後、これスクールアイドル的に大丈夫なの??
俺が恐る恐るスマホの画面から目を外すと、そこには、
ゴゴゴゴゴゴ
怒り狂った童貞共がいた。
・・・あぁ、神よ。
「・・・雪穂、確かに姉ちゃんに画像を送信した俺も悪かったけど、あの復讐はえげつくね?」
あの後、フルボッコにされた俺が家で雪穂にそう抗議すると
「・・・お姉ちゃん、あの画像を学校のホームページに載せた上に、学校の放送使って、『妹にキスされちゃいましたー!!』って放送したらしいよ、登校してすぐにね。」
「さっき、お姉ちゃんの同級生の人に、『あらあら、雪穂ちゃん、お姉ちゃんと仲いいのね~』って、例の画像見せられながら言われたよ・・・。
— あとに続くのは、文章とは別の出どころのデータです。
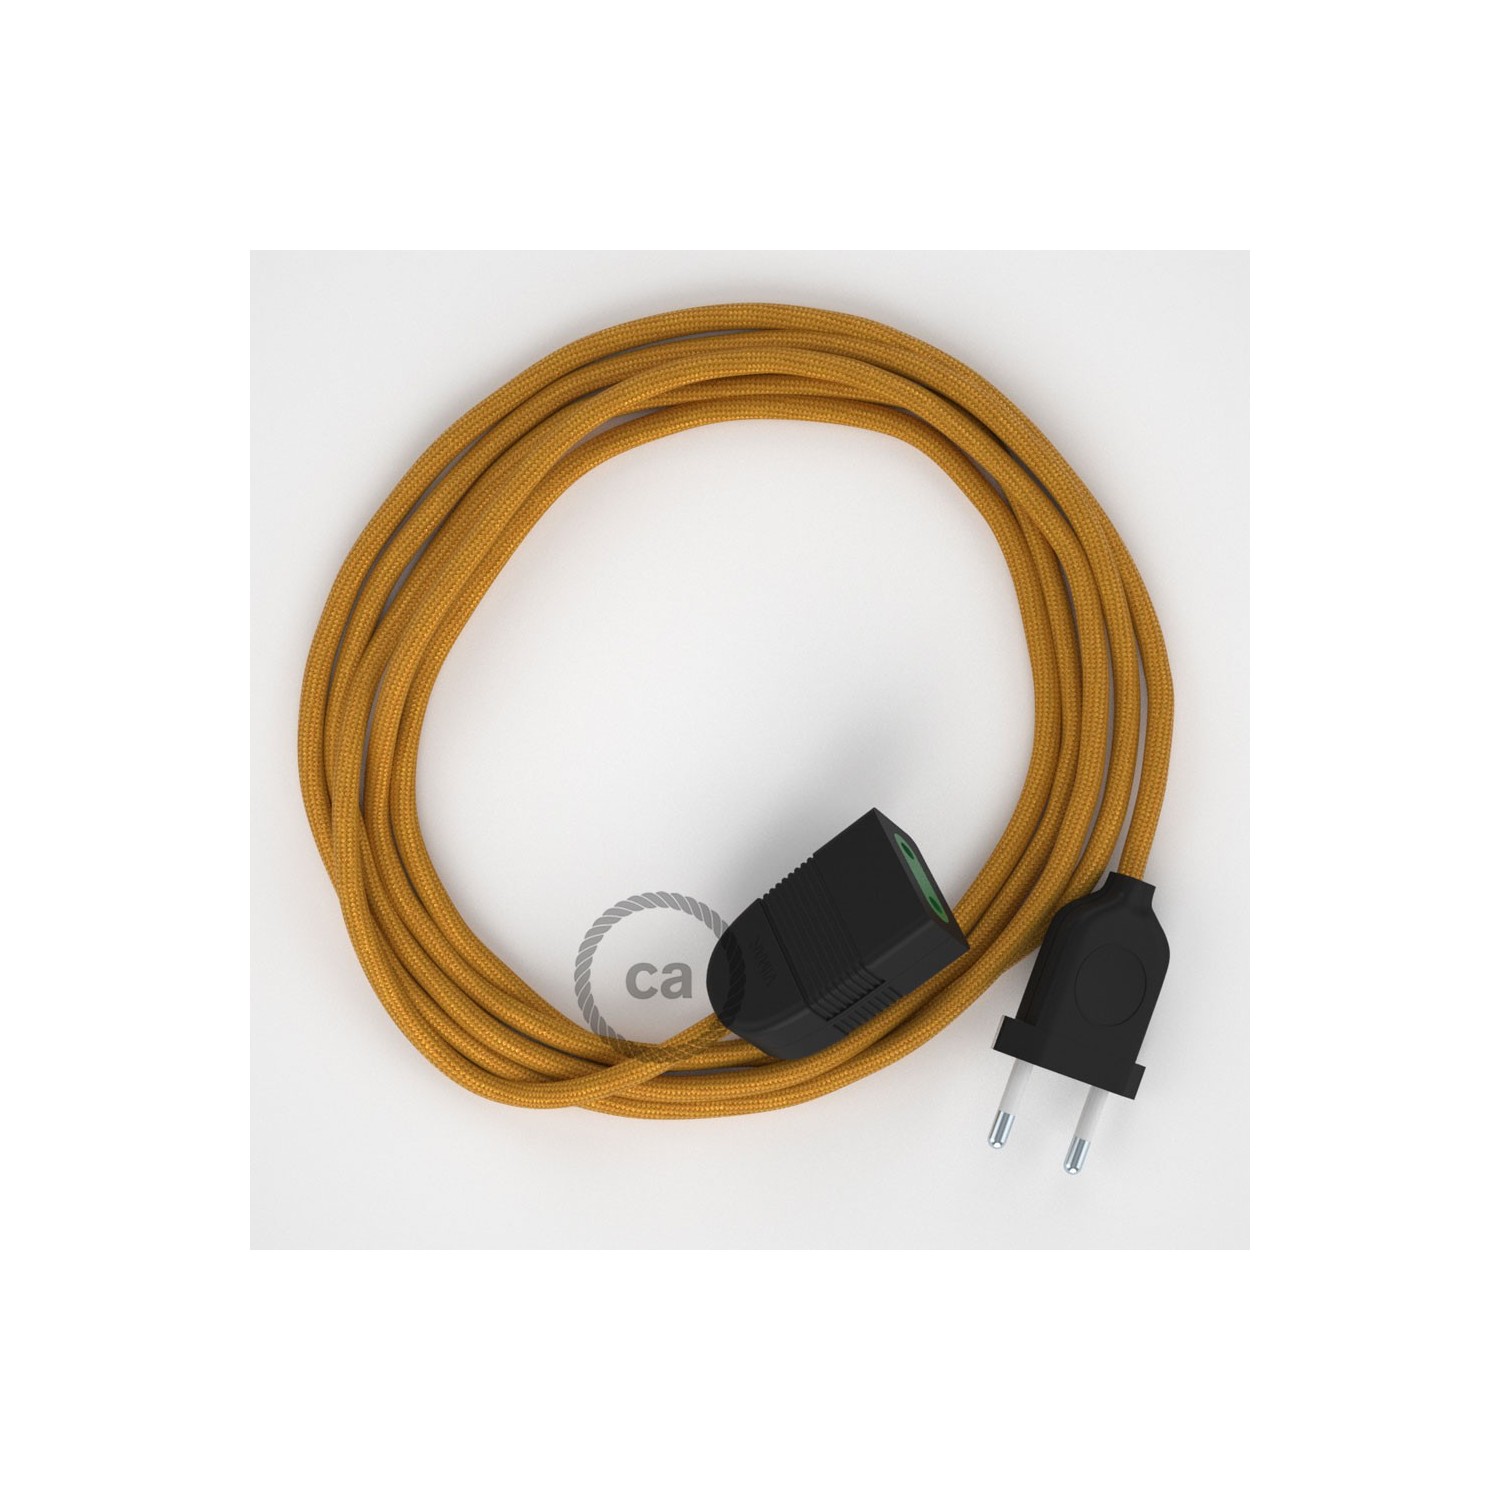 Rallonge électrique avec câble textile RM05 Effet Soie Doré 2P 10A Made in Italy.
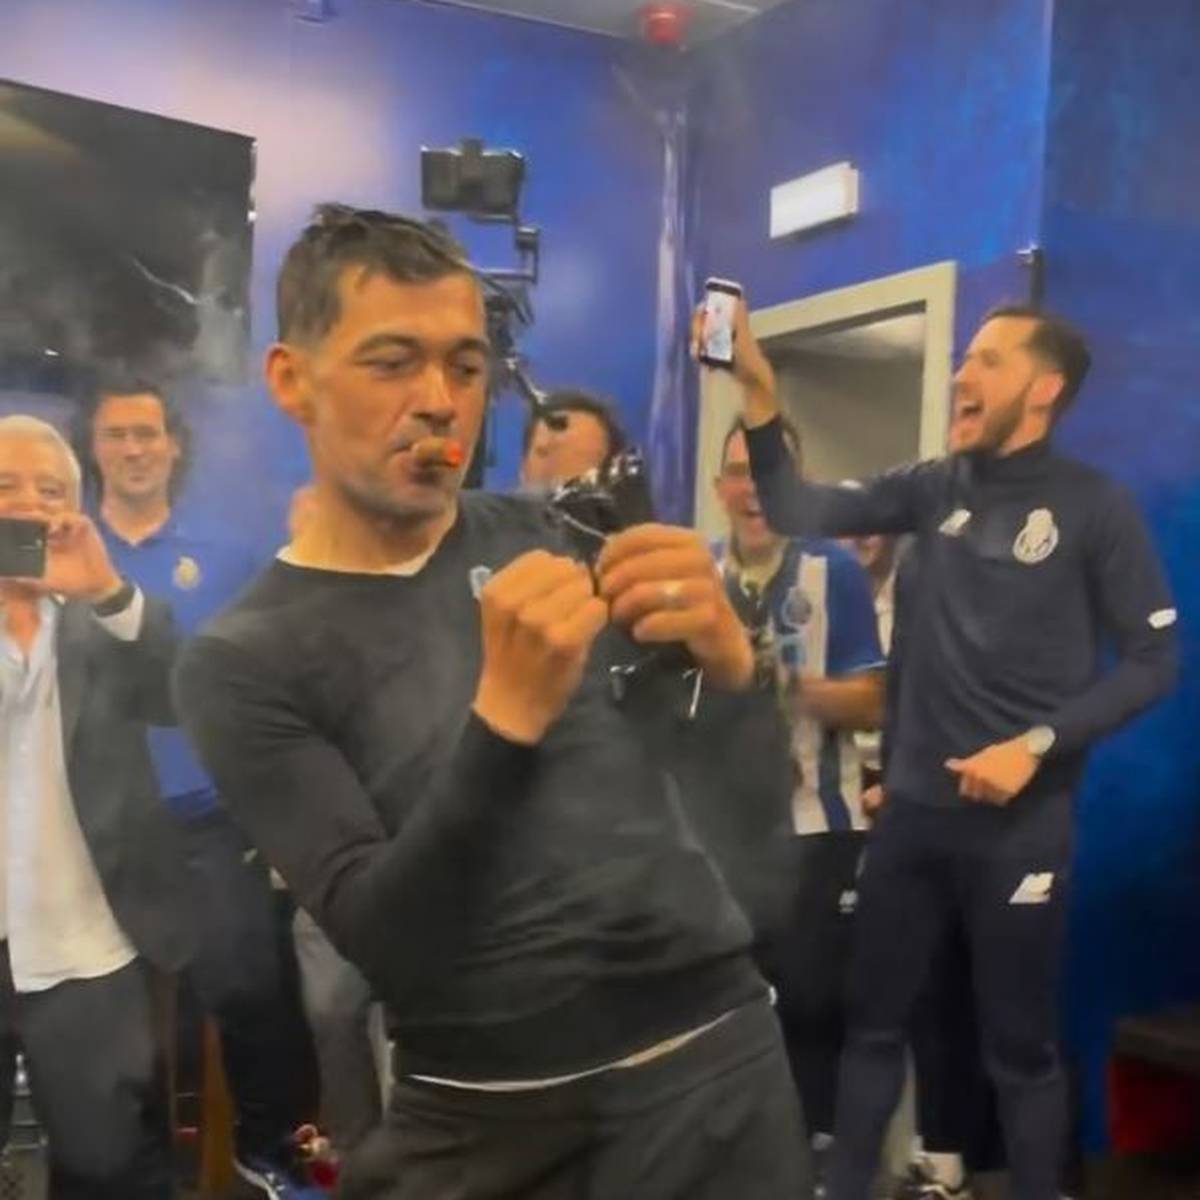 Zigarre und Gaga-Tanz: Portos Meistertrainer geht viral

」
・・・・・・・・。
俺は、なんて酷いことをしたんだ・・・。
雪穂の顔は・・・死んでいる。
殺したのは・・・俺だ・・・。
「・・・すみません、まじで。」
それしか言えなかった。
「駅前のパフェ。」
雪穂は死んだままの顔でそうつぶやいた。
「・・・御意。」
まあ、仕方ないだろう。
「二杯。」
雪穂は死んだままの顔で再びそうつぶやいた。
「・・・・・・・御意」
さらば・・・俺のお小遣い、うぅ。